Despite shelves full of new varieties — from Icelandic to Australian to coconut-based — U.S. yogurt sales are in a multiyear slump. Yogurt companies are confident that more new products can boost sales. But some analysts are skeptical, saying larger trends — like growing sales of protein bars — will be hard to turn around.

“Consumers are just not eating as much yogurt as they once did,” said Caleb Bryant, associate director of food and drink reports for Mintel, a market research company.

U.S. sales of yogurt and yogurt drinks peaked at nearly $9 billion in 2015. In 2019, they’re expected to hit $8.2 billion, down 3.6% from 2018, Mintel says. They’re expected to fall another 10% to $7.4 billion by 2024.

Chobani — the second-biggest yogurt maker by U.S. market share — thinks innovation can halt that slide. On Monday, the company introduced its first oat-based yogurts, capitalizing on booming sales of oat milk and consumer interest in plant-based eating.

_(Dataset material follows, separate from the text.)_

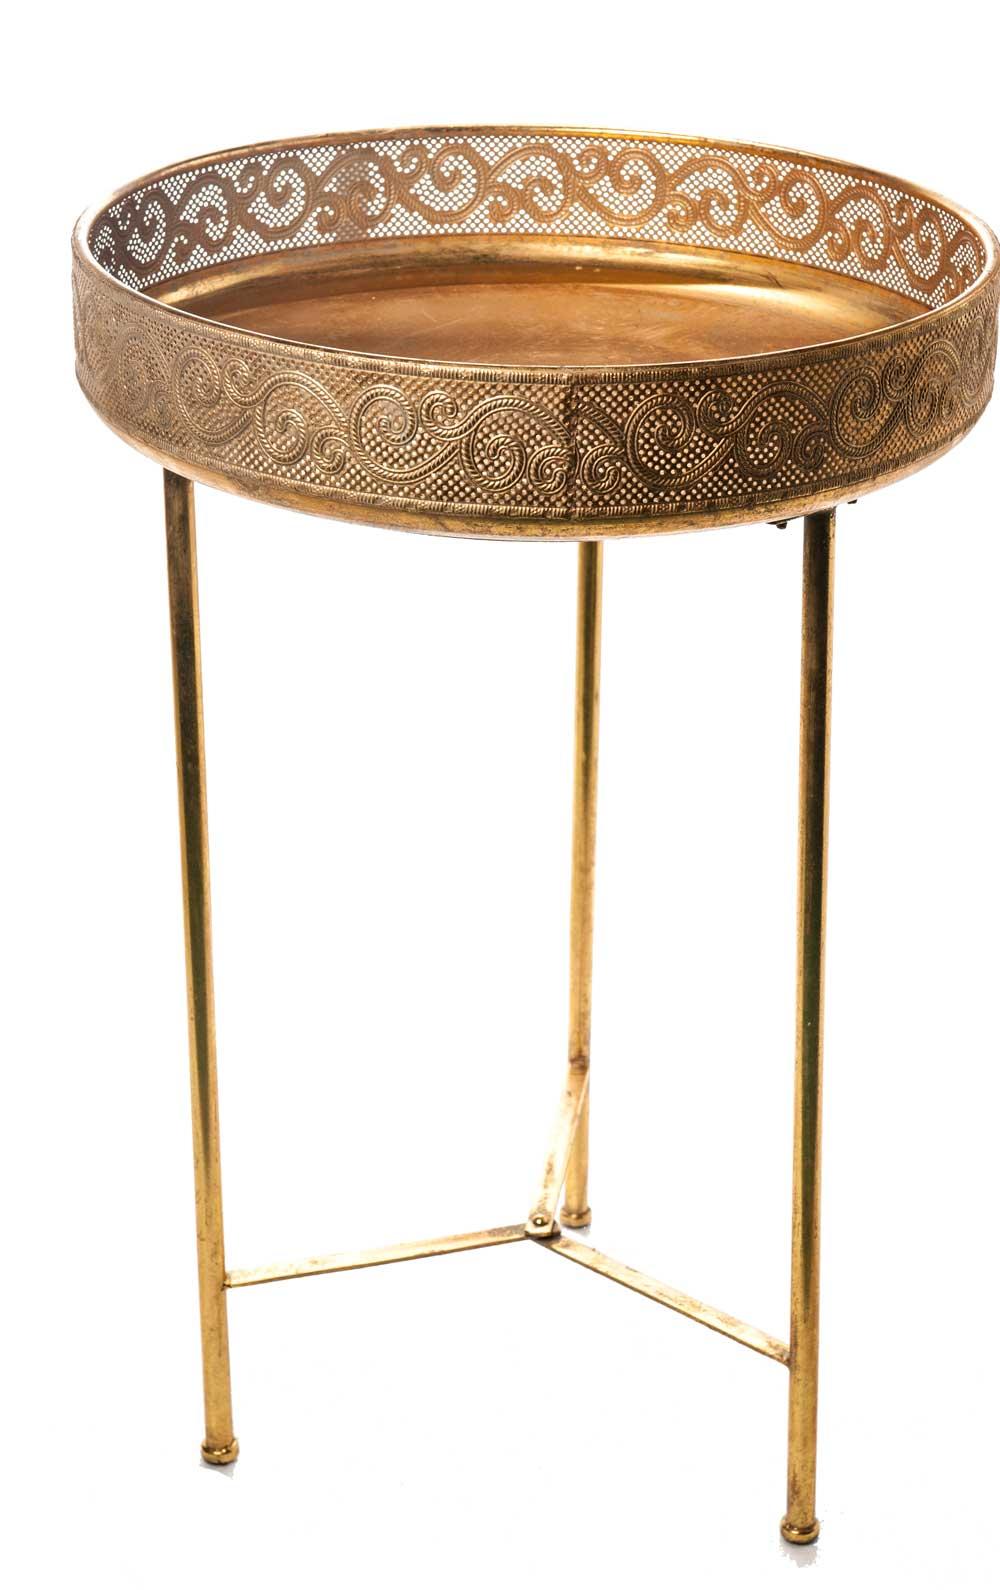 Tavolino Tre Piedi.Tavolino A Tre Piedi Porta Oggetti In Metallo A Oro

The move follows market leader Danone’s introduction last July of oat-based yogurts under its So Delicious brand.

“If we stay close to the consumer and continue to give them the food they want from a trend perspective and a health perspective, yogurt continues to grow,” Chobani President Peter McGuinness said.

Health and animal welfare concerns are driving some Americans away from dairy altogether. Last week, the nation’s largest milk processor, Dean Foods, filed for bankruptcy protection, citing a decades-long decline in U.S. milk consumption.

In a Mintel survey released this month, 30% of people who bought yogurt in the past three months said they were also buying high-protein foods or probiotic foods instead of yogurt.